Kim Jong Un yang kembali muncul ke hadapan publik usai 'menghilang' selama sekitar 3 minggu rupanya melukai kredibilitas pembelot kelas atas dari Korut yang sempat berspekulasi bahwa sang pemimpin menderita sakit keras dan bahkan sudah meninggal.
- Bertilia Puteri
- Selasa, 05 Mei 2020 - 10:19 WIB
WowKeren - Pemimpin tertinggi Korea Utara, Kim Jong Un, diketahui baru saja kembali muncul ke hadapan publik dalam acara peresmian pabrik pupuk di Suncheon, dekat ibu kota Pyongyang, pada Jumat (1/5) pekan lalu usai sempat "menghilang" selama sekitar 3 minggu. Kemunculan Kim Jong Un di hadapan publik tersebut rupanya melukai kredibilitas pembelot kelas atas dari Korut yang sempat berspekulasi bahwa sang pemimpin menderita sakit keras atau bahkan sudah meninggal.
Mantan diplomat Korut yang kini menjadi anggota parlemen di Korea Selatan, Thae Yong Ho, meminta maaf atas klaim yang telah ia buat terkait kondisi kesehatan Kim Jong Un. Sebelumnya, Thae Yong Ho memang sempat mengklaim bahwa Kim Jong Un menderita penyakit hingga sudah tidak bisa berdiri atau berjalan.
"Saya sadar bahwa salah satu alasan banyak orang memilih saya sebagai anggota parlemen adalah harapan analisis dan proyeksi yang akurat tentang masalah Korea Utara," ujar Thae Yong Ho dilansir Reuters pada Selasa (5/5). "Saya merasakan kesalahan dan tanggungjawab yang berat. Apa pun alasannya, saya meminta maaf kepada semua orang."
Selain Thae Yong Ho, ada seorang pembelot Korut lainnya yang juga terpilih di parlemen, yakni Ji Seong Ho. Sebelumnya, Ji Seong Ho sempat mengatakan bahwa dirinya yakin 99 persen bahwa Kim Jong Un telah meninggal dunia usai menjalani operasi kardiovaskular.
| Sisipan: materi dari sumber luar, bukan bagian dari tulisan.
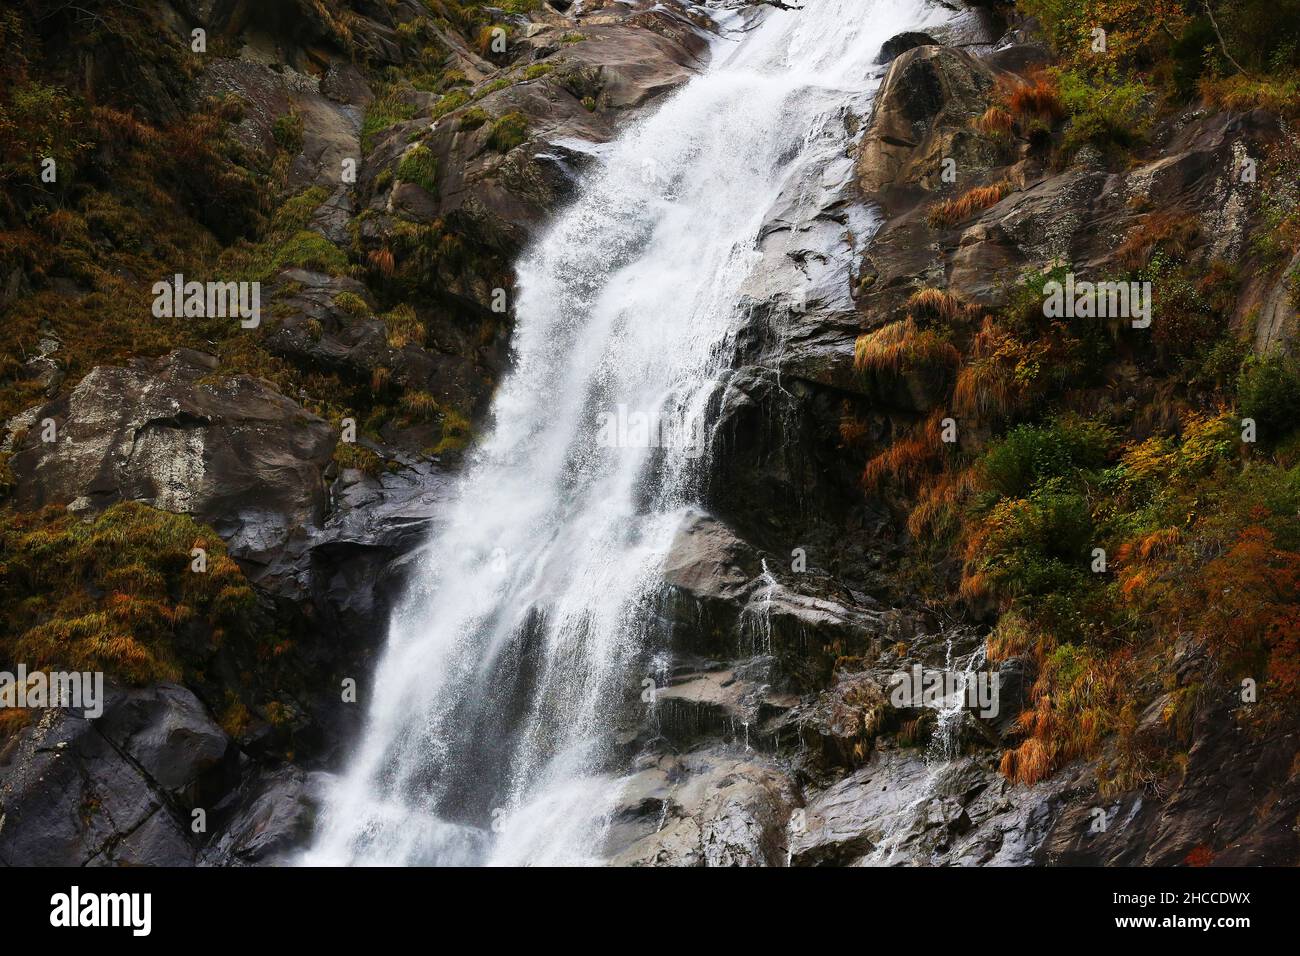 Salute, benessere, Wasserfall, Dolomiten, Südtirol, Meran , Bozen, Tosendes wildes Wasser stürzt von dem Berg und den Felsen herunter Foto Stock

Ji Seong Ho juga sempat menyatakan bahwa dirinya yakin pengumuman kematian Kim Jong Un akan segera dirilis. Menurut Ji Seong Ho, ia mendapatkan informasi tentang kematian Kim Jong Un tersebut dari seorang sumber yang tidak bisa ia ungkapkan. Kekinian, Ji Seong Ho tidak mau memberikan respons terhadap kemunculan Kim Jong Un di hadapan publik, namun ia juga menyatakan permintaan maaf.
"Saya telah merenungkan diri selama beberapa hari terakhir, dan merasakan beratnya posisi saya berada," jelas Ji Seong Ho. "Sebagai tokoh publik, aku akan bersikap hati-hati untuk maju."
Partai Demokrat di Korsel lantas mengkritik kedua pembelot Korut tersebut atas klaim mereka. Menurut Partai Demokrat, klaim itu bukan hanya memberi informasi yang salah kepada publik, namun juga dapat menimbulkan akibat yang lebih serius. Salah satu anggota partai bahkan mendesak mereka untuk dikeluarkan dari Komite Intelijen dan Pertahanan.
Blunder terkait informasi kondisi kesehatan Kim Jong Un ini menunjukkan betapa sulitnya mendapatkan informasi yang terpercaya terkait Korut. Thae Yong Ho sendiri sempat mengungkapkan bahwa pada 2011 silam, Menteri Luar Negeri Korut bahkan tidak tahu jika mantan pimpinan tertinggi, Kim Jong Il, meninggal hingga mereka dipanggil untuk menonton pengumuman media milik negara.